The school district had a man that inspected every fire extinguisher in the district every year. Each one was emptied and recharged every five years. He was glad to let my students empty them for him!

*Jei'son* I used to do the steel wool 9v battery demonstration for my students when I taught them about the different types of fires. Most extinguisher are ABC. Metal is a D class. It was a real eye opener for the kids.


----------



## BlankMan (Mar 21, 2009)

Bill, I wasn't aware of a D class, so my ABC's won't put out a fire of that type? Like steel wool? Not that I'm planing on having one but would be good to know.

And here's something that I haven't quite understood, tools made of magnesium. Back in chemistry class magnesium lit easily and burned like a banshee, hot and fast. So I'm thinking, hate to have a router like that go up in my hands, but obviously it must be an alloy of some sort that won't do that. I hope.


----------



## Pimzedd (Jan 22, 2007)

Curt,your ABC will not put out a class D fire, might make it worse. D class is metals that will burn. Takes a special extinguisher that uses dry powder not to be confused with dry chemical which is what most ABC extinguishers use.
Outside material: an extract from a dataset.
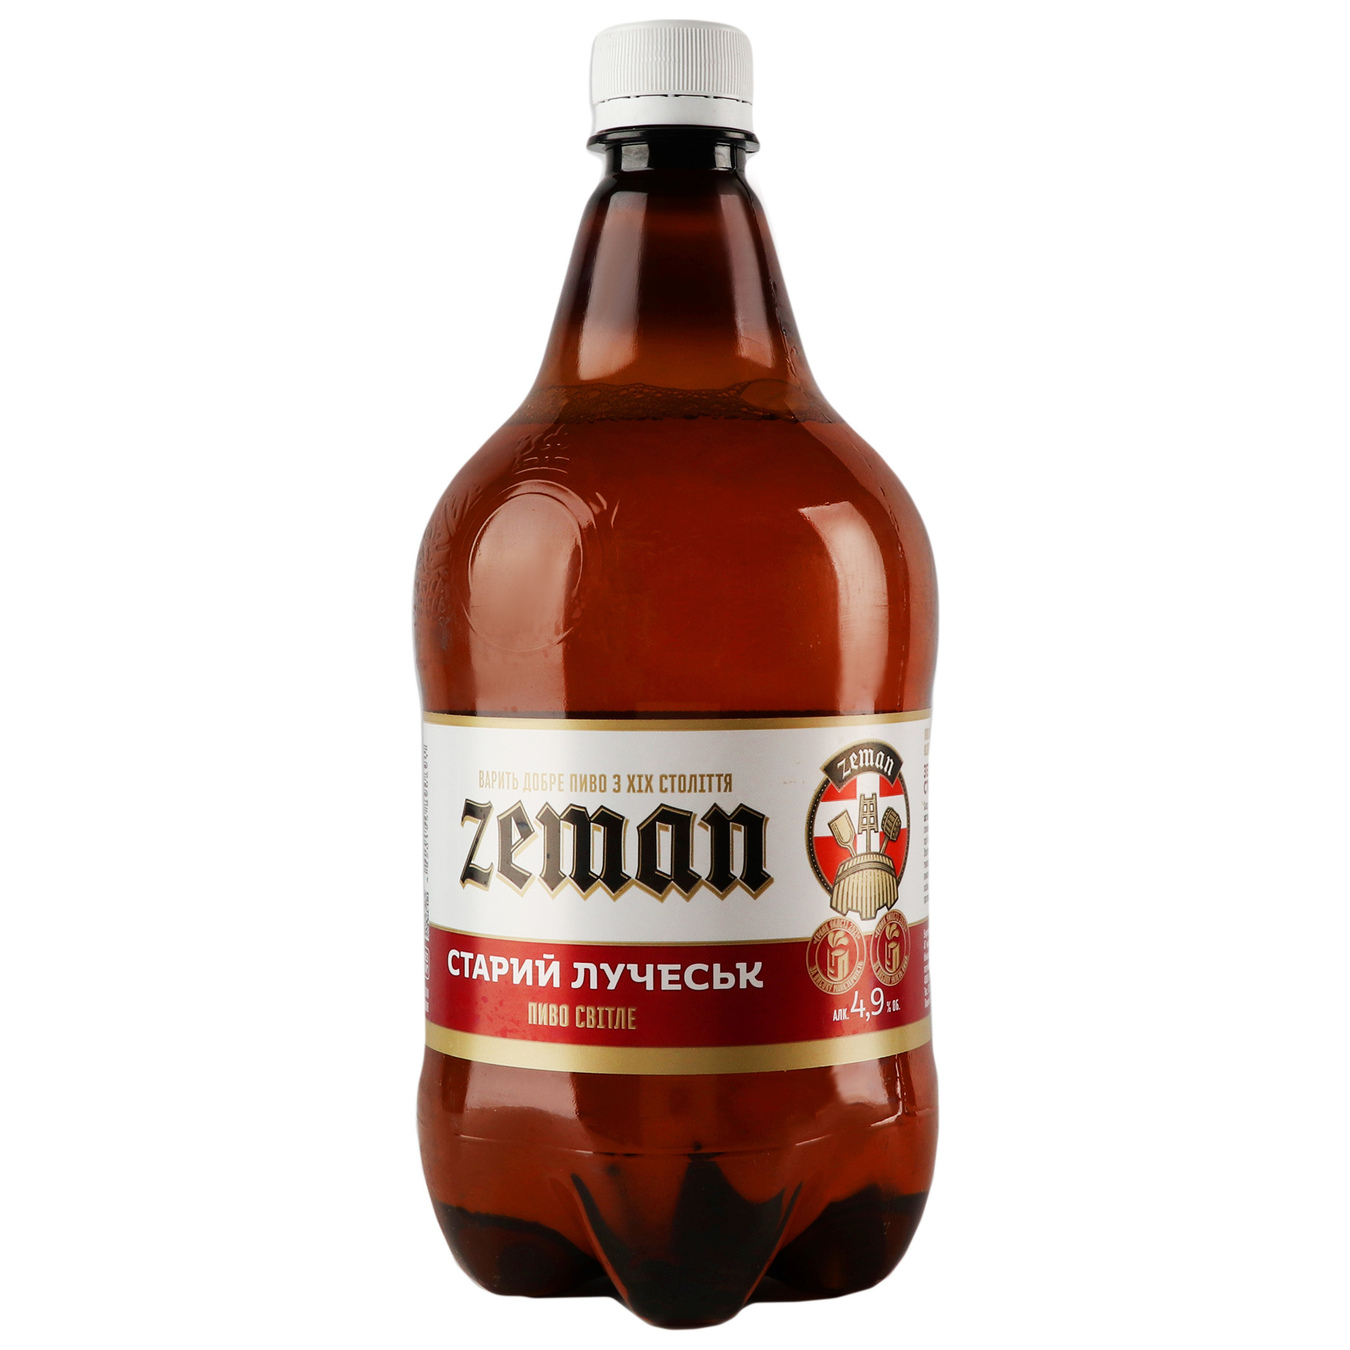 Пиво светлое Земан Старый Луческ 4,9% 1л пластиковая бутылка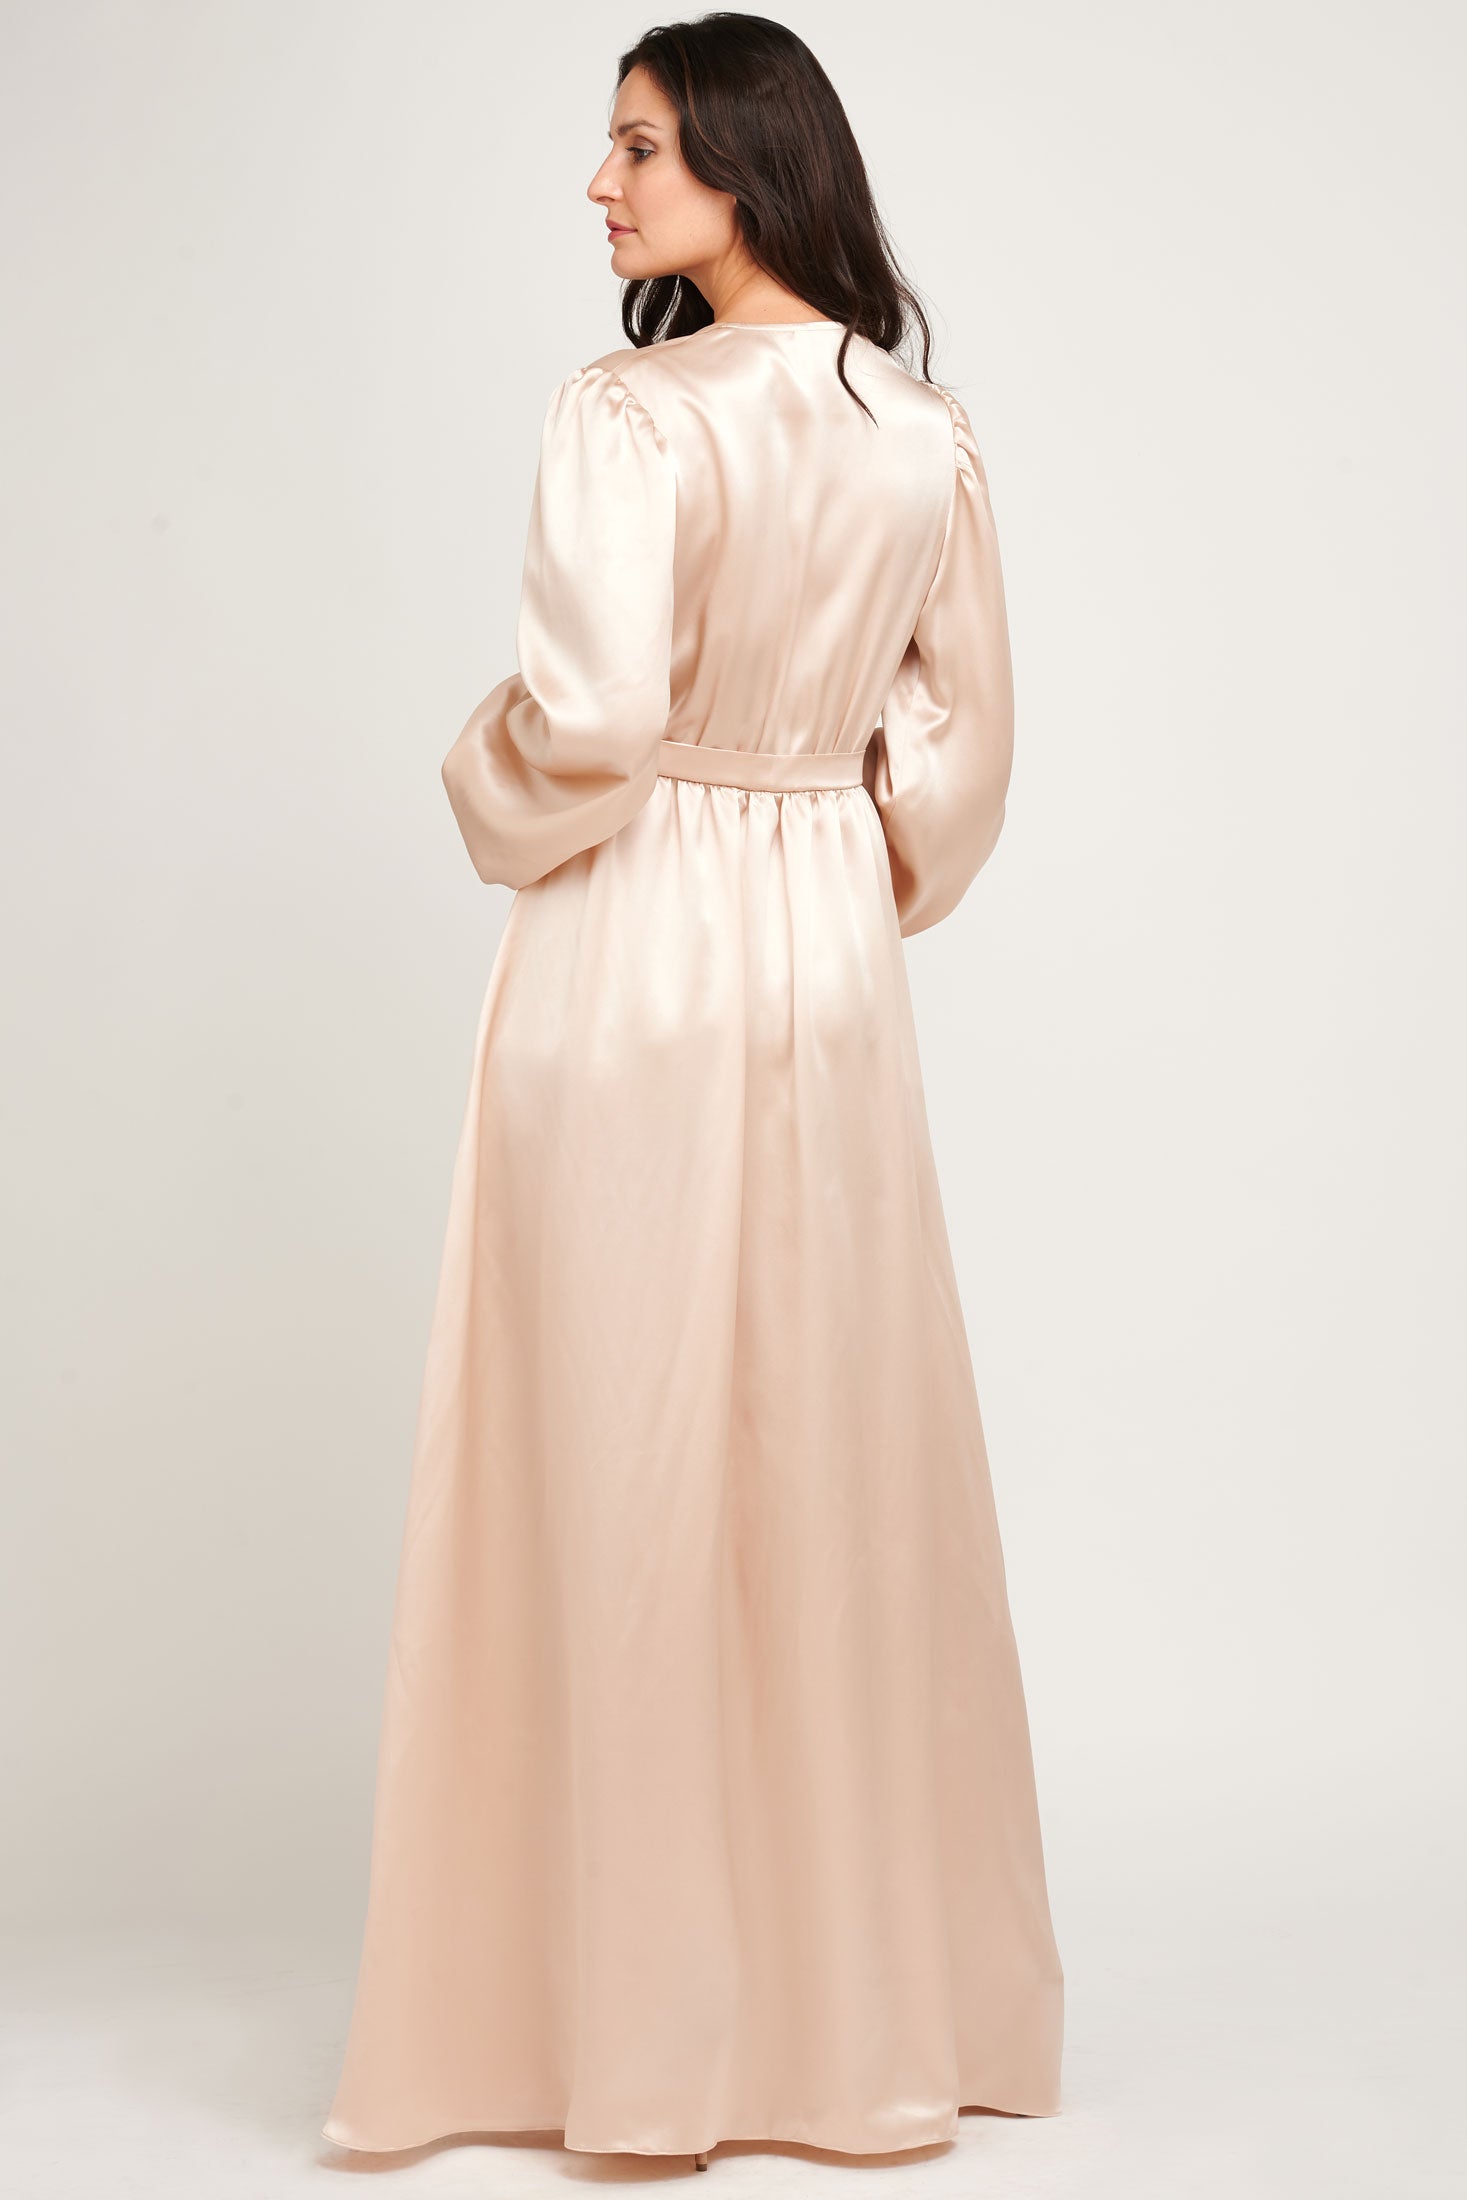 Guzom Women's Soft and Warm Bathrobe Plus Size Comfort Wrap Robe Sleepwear  Pajamas- Gray Size XXL - Walmart.com

Yes magnesium will burn. So will lithium. We are starting to have those in our shops. However, to start such a fire typically takes metal shavings or fines. I guess as long as you don't start grinding down your router housing, you will be ok.

Had a friend that had a job sawing magnesium on a bandsaw for an aircraft parts manufacturer. The magnesium shavings caught fire which spread to he block he was sawing. They did not have a D class fire extinguisher. The magnesium burned through the bandsaw all the way to the floor before the fire dept. arrived.


----------



## BlankMan (Mar 21, 2009)

Bill I've seen video's of lithium battery packs going up, like a roman candle, not pretty.


----------



## russv (Sep 21, 2009)

a class D fire extinguisher can't be used on anything else and is not combined with any other class extinguisher. if you want to buy a class D extinguisher hold on to your wallet. they run about 7 to 10 times as much as any other type. i figure if i get a metal fire going in the shop, i'll just get the mashmellows out and take advantage of the fire. not much else i can do.

russv


----------



## TopamaxSurvivor (May 2, 2008)

When I was a volunteer fireman, I was putting out a garage fire. There was a hot spot in the attic. Everytime I squirted it with the inch and a half, it would flame up. None of the other guys knew anything about that end of the peridoc chart of the elements or metals burning. I told them we would have to take that block of metal outside away from the water we were using )


----------



## BlankMan (Mar 21, 2009)

Thanks russv, so much for thinking about getting one just to be safe, and that now sure explains why I've seen bags of mashmellows in peoples shops instead.

Topa I didn't realize that either till now but it certainly makes sense. Thought a fire extinguisher was a fire extinguisher, I knew about the ABC rating but thought that covered everything.


----------